The Shadow Grid: Big Tech’s Quiet Takeover of America’s Power
AI data centers are forcing hyperscalers to build their own energy infrastructure
On February 28, 2026, the United States and Israel launched Operation Epic Fury: a joint military campaign that struck more than 1,000 Iranian targets in the first 24 hours, killed Supreme Leader Ali Khamenei – and demonstrated that artificial intelligence is now part of the operational backbone of modern warfare.
The AI system most closely linked to U.S. operational support was Claude. Reporting indicates Anthropic‘s model was used through the Pentagon’s Maven Smart System, aided by Palantir (PLTR) in the broader defense-AI stack, to help process imagery, communications, and other intelligence inputs at machine speed. The result was a compressed kill chain: targets were analyzed, prioritized, and acted on faster than traditional human-only workflows could manage.
Five days later, on March 4, the same country staged a very different kind of event.
President Trump gathered the CEOs of Alphabet (GOOGL), Microsoft (MSFT), Meta (META), Amazon (AMZN), Oracle (ORCL), xAI, and OpenAI at the White House for a signing ceremony. They signed something called the Ratepayer Protection Pledge – a commitment, the administration said, to keep AI-driven data center expansion from raising household electricity bills by pushing hyperscalers to build, bring, or buy the power and infrastructure they need themselves. Some observers have started calling that emerging system the “shadow grid.”
The press covered both events, and not many people connected them. But they should have…
Because Operation Epic Fury and the Ratepayer Protection Pledge are two chapters of the same story. And together, they may have just changed the investment calculus on energy, infrastructure, and national security more than most investors appreciate.
Why AI Data Centers Need Their Own Power
Start with what the conflict revealed about AI, because it changes the stakes of everything that follows.
The U.S. military used Anthropic’s Claude, through the Maven Smart System, to support intelligence analysis, target identification, and operational simulations during the strikes. In practice, that meant ingesting intelligence inputs, ranking targets, and helping assess strike effects once operations were underway.
In other words, AI is moving beyond the role of productivity tool or chatbot. It is now being used to process battlefields and compress kill chains. In this case, it appears to have helped accelerate the chain of analysis behind one of the most consequential strikes of the decade.
Now ask the question almost every financial analyst is failing to ask: what does that mean for the AI infrastructure build-out?
It means the shadow grid isn’t just a commercial infrastructure story anymore. It’s a national security story. The compute capacity that enables AI is now powering the operational backbone of U.S. military dominance. And the energy that powers that compute is, as of this week, as strategically critical as an aircraft carrier.
Meanwhile, the war is doing something else that directly accelerates the shadow grid thesis.

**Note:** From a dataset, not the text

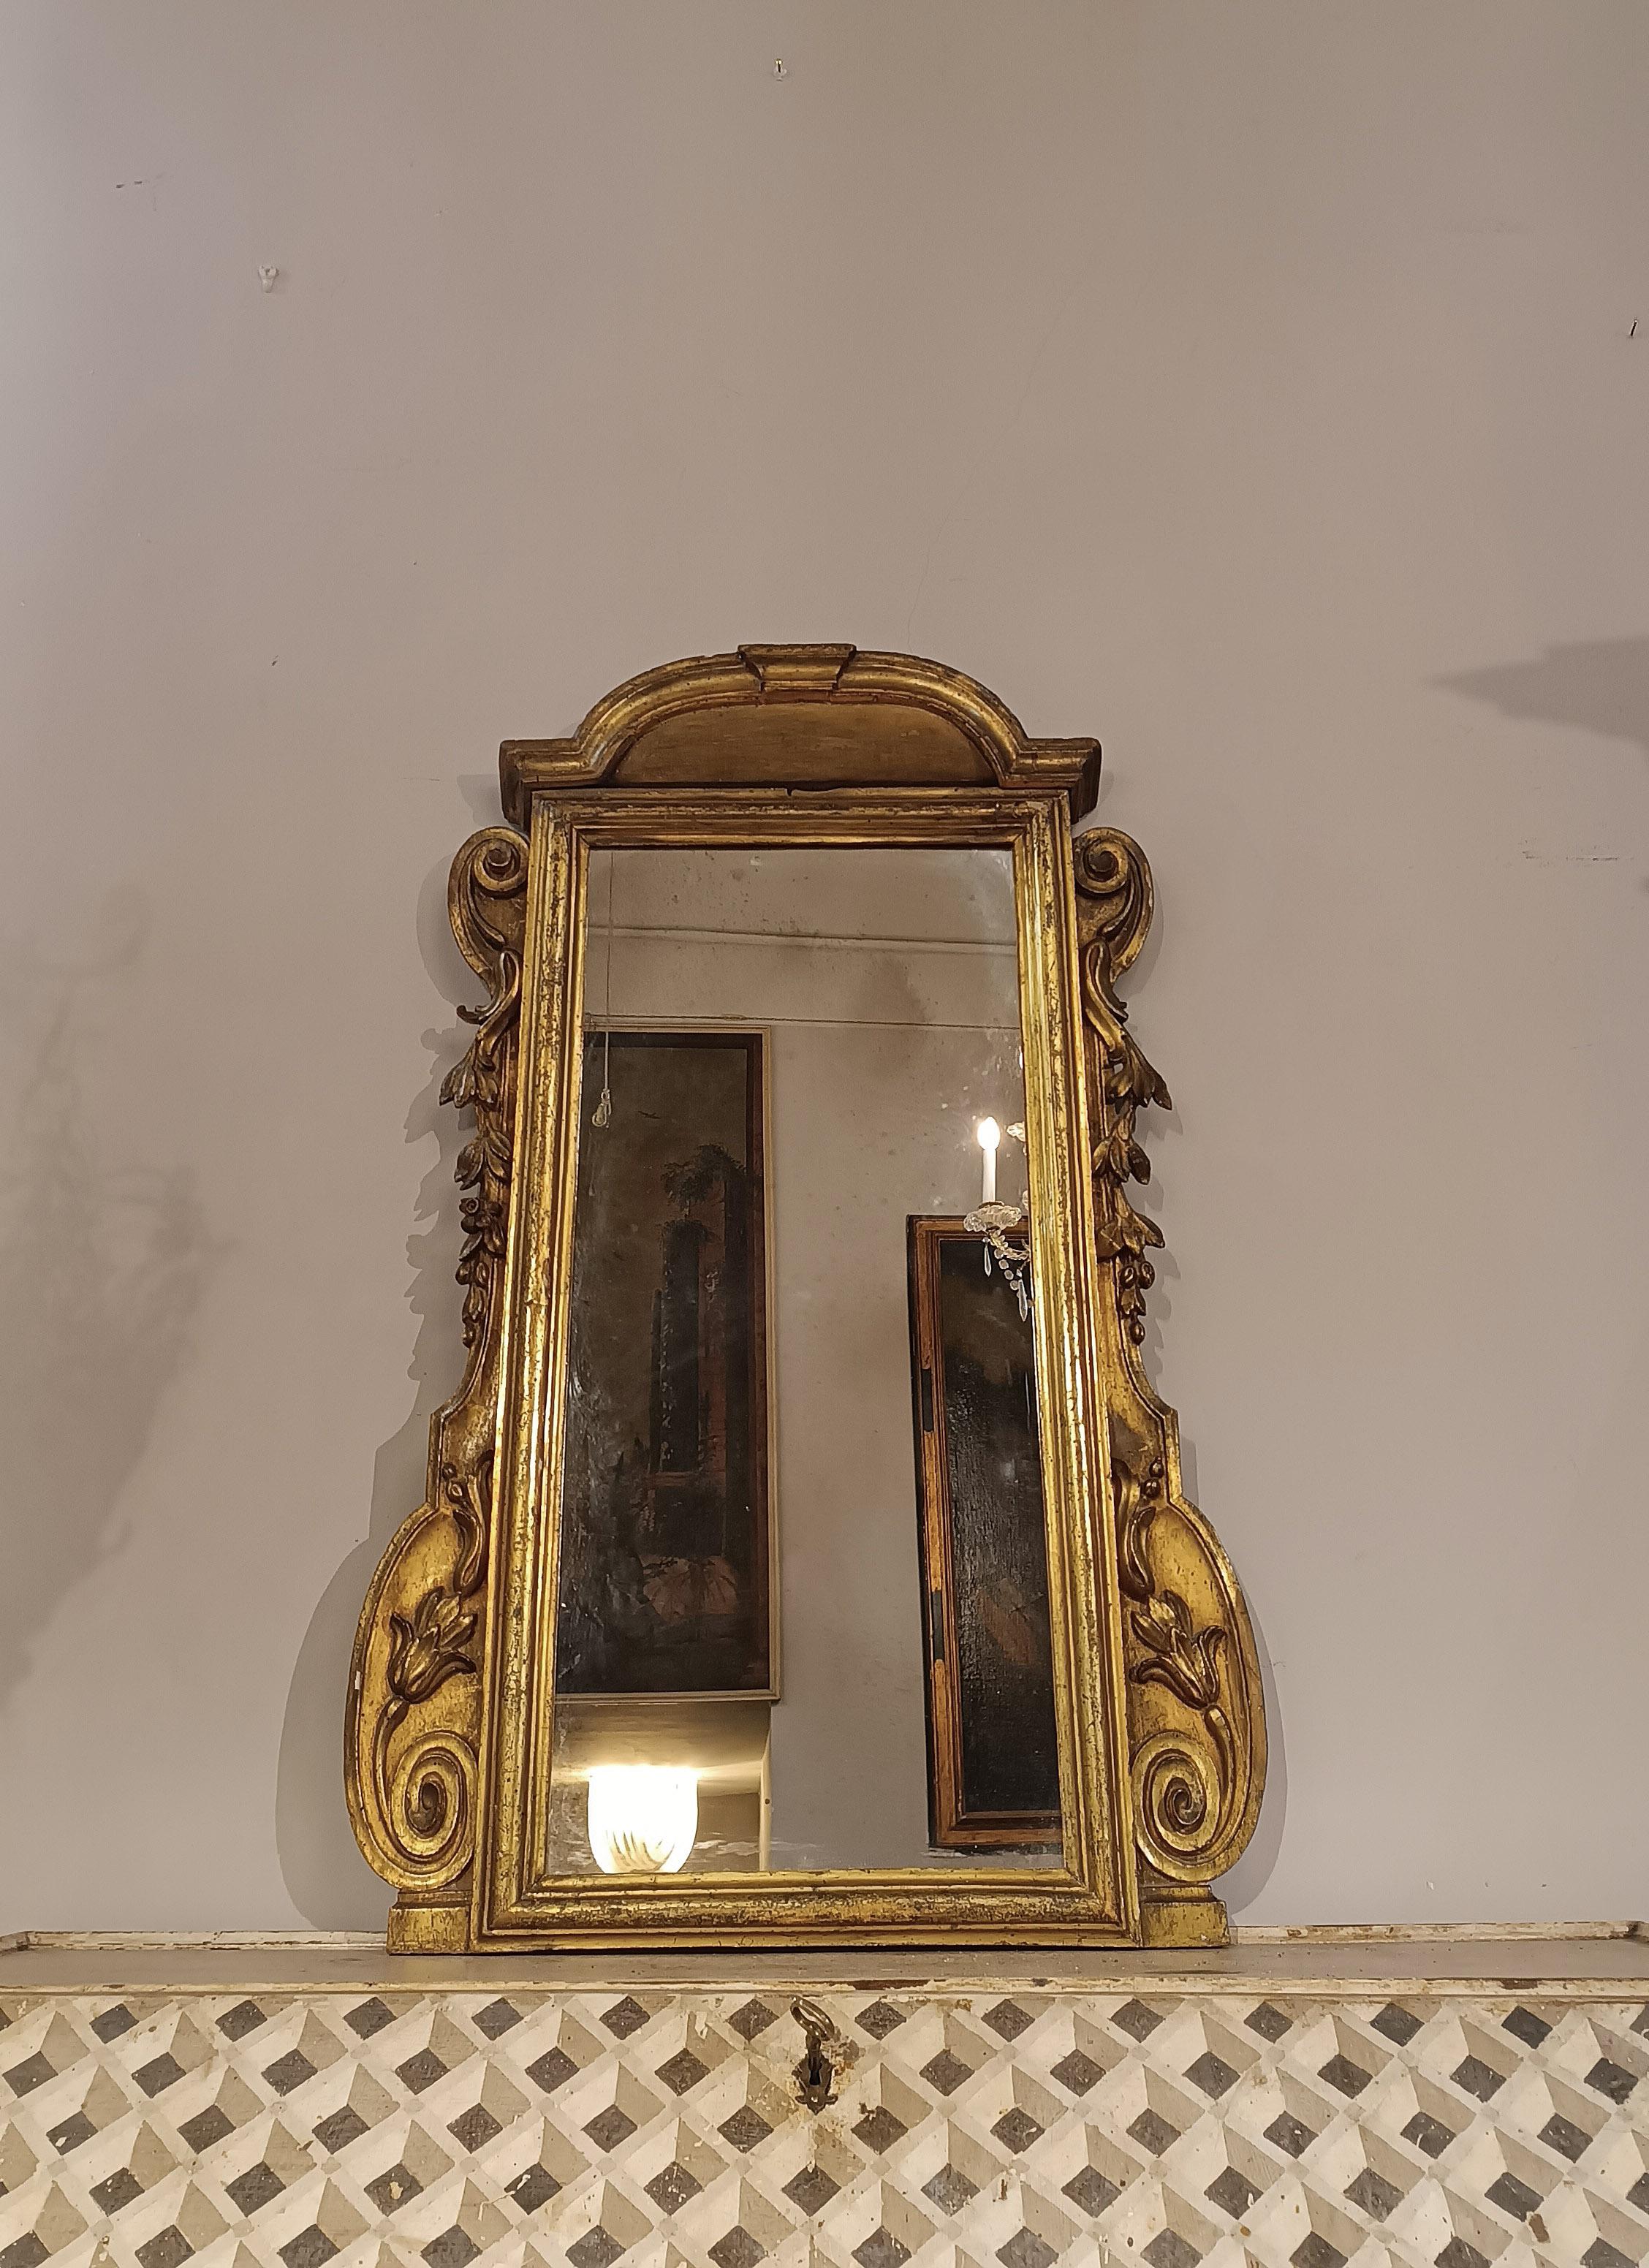 Faszinierender kleiner Spiegel aus geschnitztem und mekkavergoldetem Holz, der sich durch einen mit Schnörkeln und pflanzlichen Elementen verzierten Rahmen auszeichnet. Das Cymatium, ein architektonischer Unterbau und Kragstein, verleiht dem Ganzen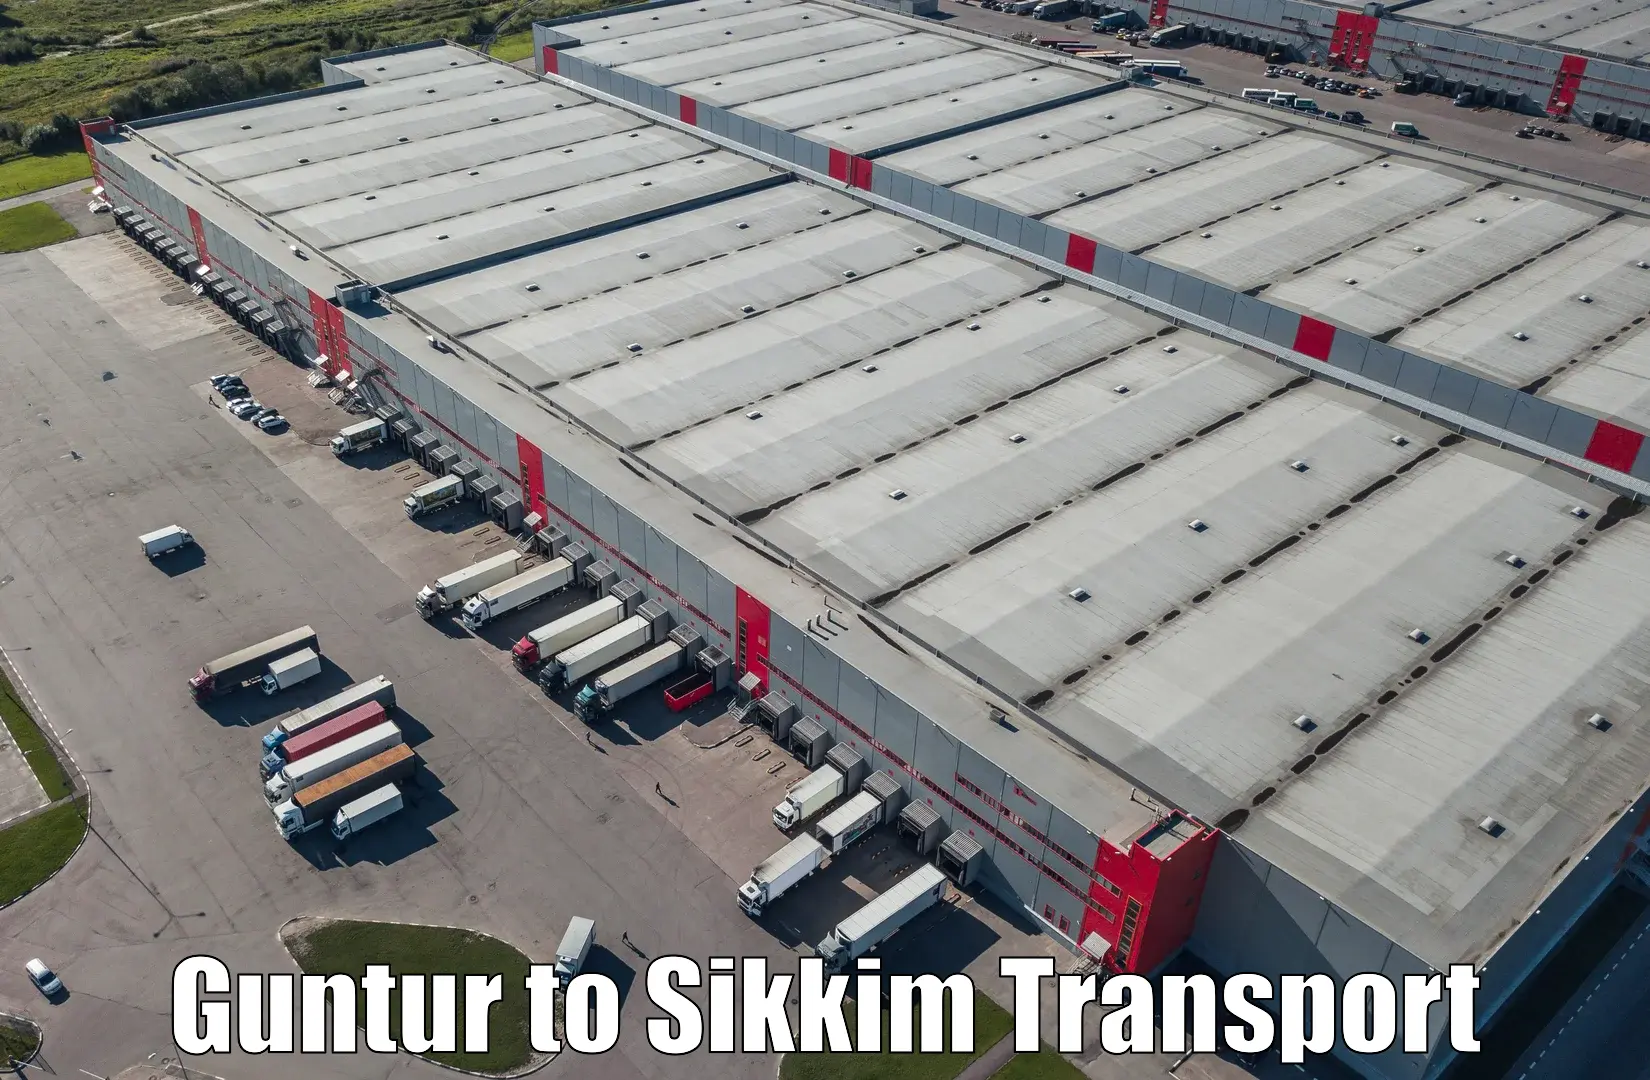 Nearest transport service Guntur to Sikkim

A Shadow Grid In Overdrive
Iran launched retaliatory missile and drone strikes targeting U.S. embassies, military installations, and oil infrastructure – including vessels in the Strait of Hormuz – throughout the Middle East. The strait is now effectively blocked for normal commercial traffic, and oil prices have surged sharply as markets price in a major supply disruption.
Translation: the global energy system just became less reliable and more expensive precisely when America is trying to power the largest technology buildout in its history. That is a pressure cooker.
And the hyperscalers – who were already planning to build private energy infrastructure before the war – now have an argument that goes far beyond cost management. They have an argument that goes to the survival of the American technological advantage itself.
That brings us back to the public grid – the one your home is connected to.
The Energy Demands of the AI Economy
Power demand from U.S. data centers doubled between 2018 and 2024 and could triple by 2028. There are roughly 680 data centers currently being planned in the United States, collectively requiring the energy equivalent of 186 large nuclear power plants. The public grid was not designed for this. Capacity prices in PJM Interconnection – the largest U.S. power market, spanning 13 states and D.C. – have surged to record highs, with recent auctions clearing around $329 to $333 per megawatt-day. That is a system under mounting strain.
So, what do you do if you’re Microsoft or Google and you need absolute power reliability for a campus consuming as much electricity as a small city – a campus that is now, demonstrably, part of America’s national defense infrastructure?
You don’t wait for the utility to figure it out. You build your own.
Private natural gas plants. Long-term nuclear power purchase agreements. Small modular reactors built directly into the data center footprint. Independent transmission lines, substations, and switching infrastructure.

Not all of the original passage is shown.